As you can probably imagine, this put Cavender under some pressure. Things weren't helped by Burnett's response, which was (to put it mildly) skeptical.

But he persuaded her that he was the real deal through a few "miracles" that were predicated on the belief that wealth equals happiness. That was an easy assumption to make, given that Burnett was unemployed and behind on her rent when he was given his assignment.

Burnett disabused him of that after he had transformed her into a wealthy socialite living in a mansion. He arranged for her to have a big party with lots of debutantes and celebrities — all the things he thought should make her happy.

One of the guests at the party was future Beverly Hillbillies star Donna Douglas, who was making her second appearance on Twilight Zone. She had a bit part as a debutante in this episode; she was the star (although someone else spoke her lines) in "The Eye of the Beholder" in the previous season.

Douglas spoke her own lines in "Cavender Is Coming," but she only had a couple of them.

It is a shame, really, that Twilight Zone made the episode so slapstick because it had a pretty good message about happiness that kind of got lost.

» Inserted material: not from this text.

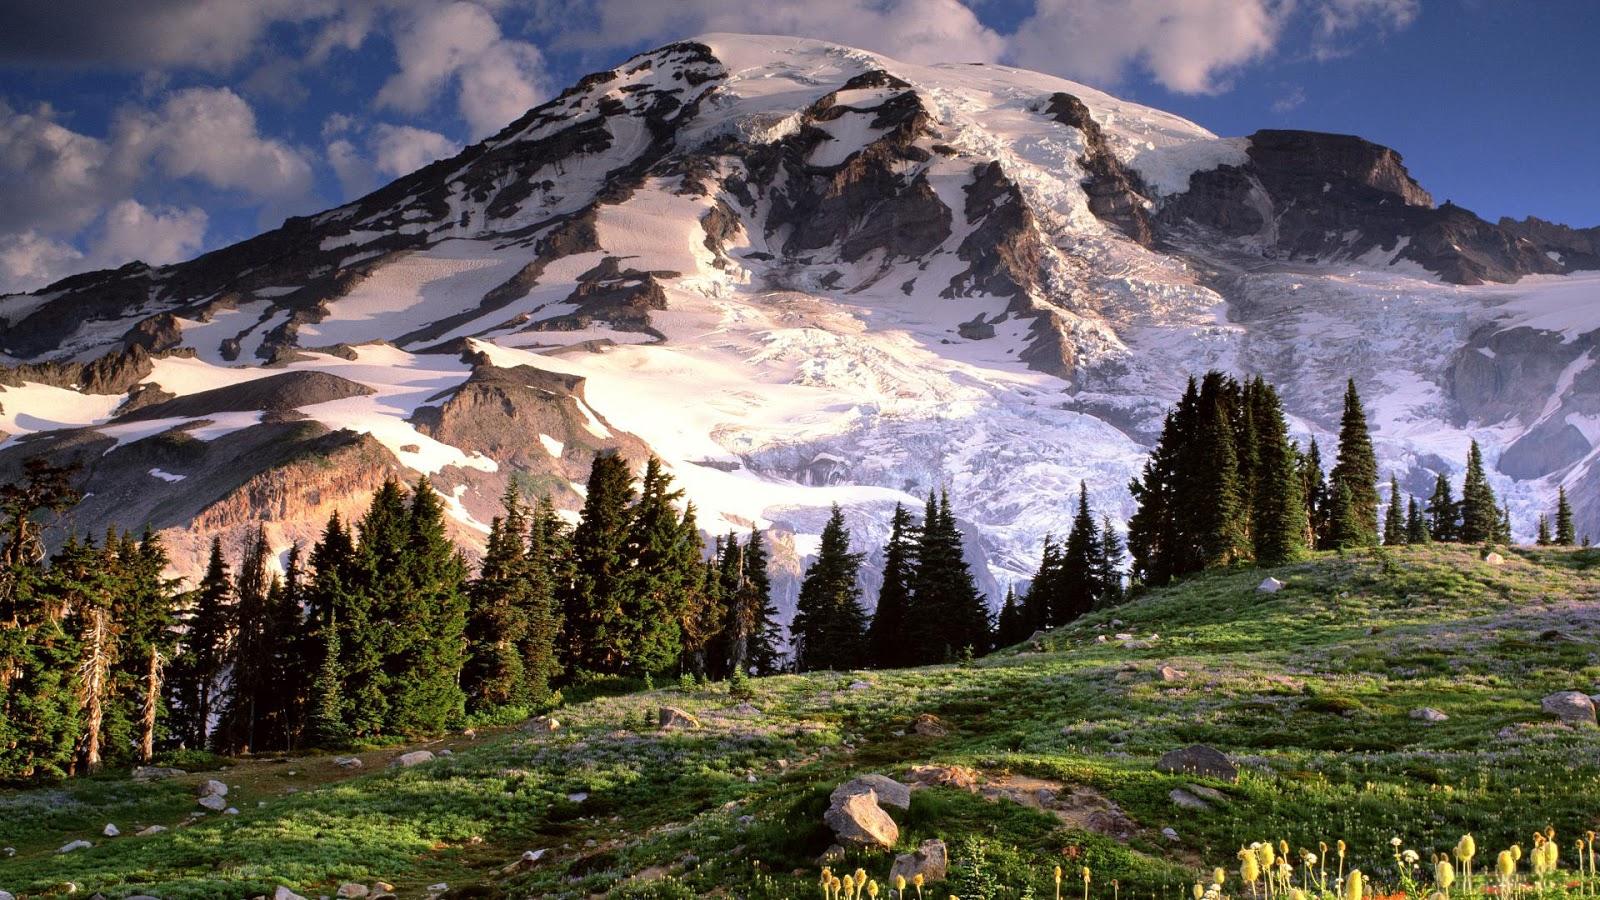 Gunung Rainier, Mount Rainier, wallpaper desktop, wallpapers hd, wallpaper love, wallpapers for android, wallpaper 3d, wallpaper nature, wallpaper for mobile, wallpaper photo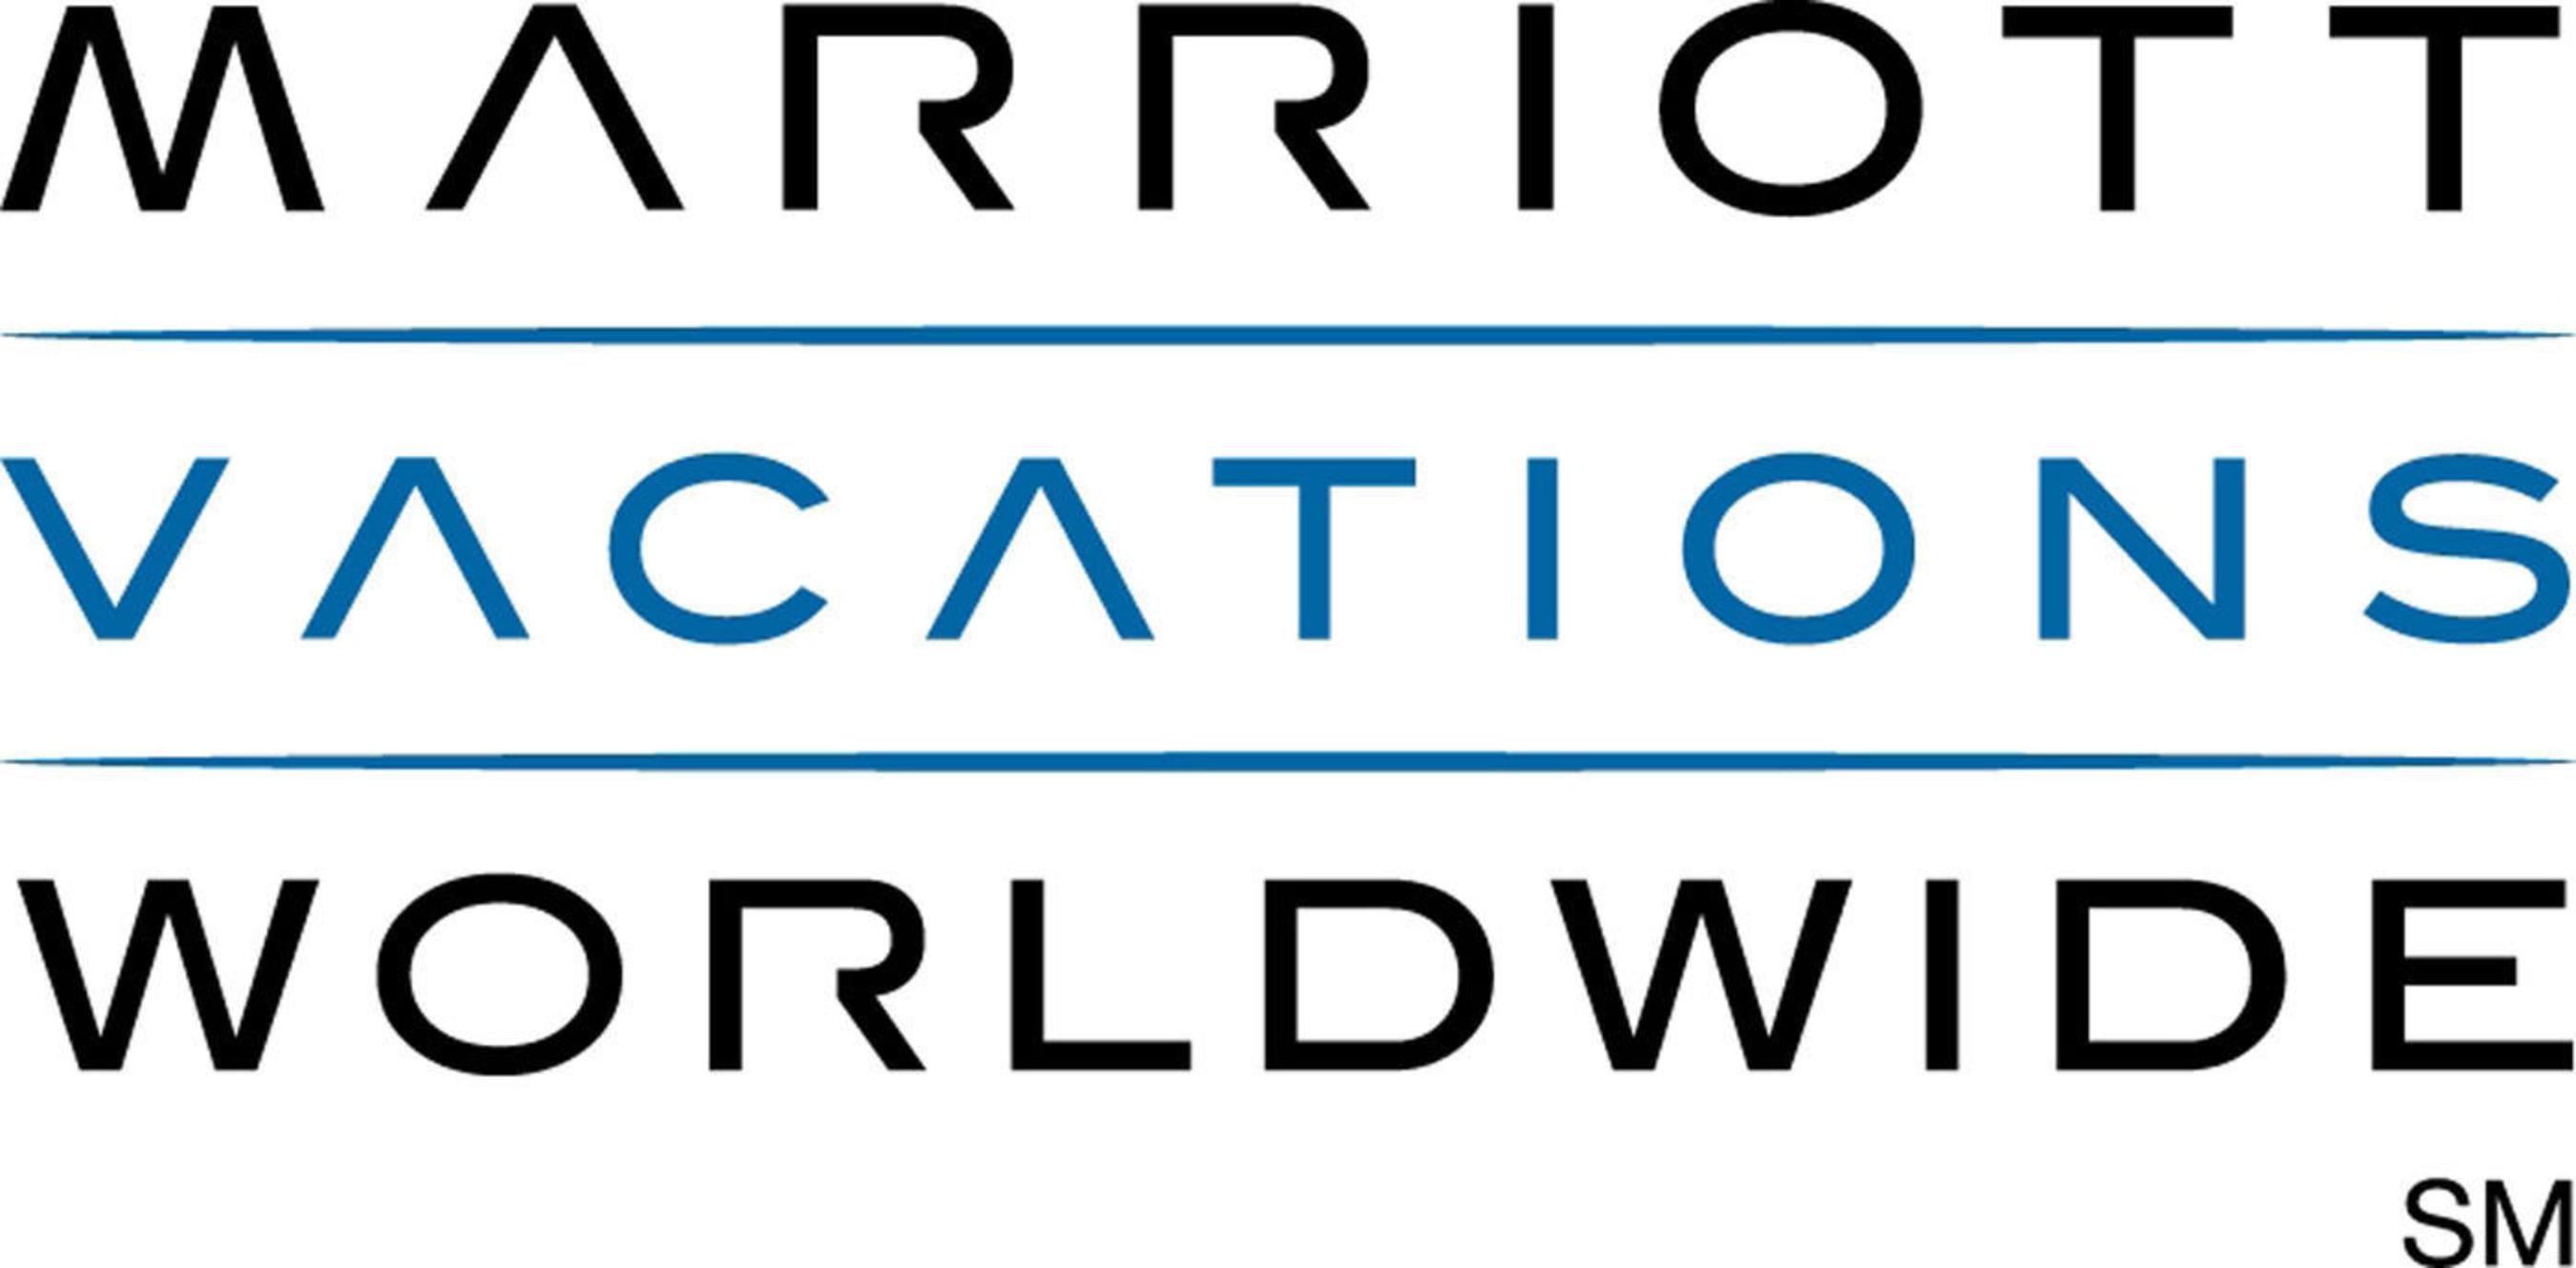 Marriott Vacations Worldwide Corporation.

The bewildered and exasperated Cavender, desperate to get his wings, demanded, "Don't you want to be happy?" after Burnett told him she didn't want to live in the mansion and throw parties for debutantes.

"You don't understand me," she replied. "I was happy. I want it the way it was."

Cavender couldn't understand that. "The way it was? Unstable, unresolved and unemployed?"

Burnett smiled and nodded. "Disconnected, discombooberated and behind in my rent. But that's for me."

In other words, the happiest people aren't the richest people. They're just happy with what they have — and that makes them rich, as Cavender conceded near the end of the episode.

"You are the richest woman I know," Cavender told her. "You have an abundance of wealth. And it seems that I've had to travel a very long distance to find out that cash and contentment aren't necessarily synonymous."

That is probably true although it may also be true that, as Mrs. Howell once said on Gilligan's Island, "Whoever says money can't buy happiness doesn't know where to shop."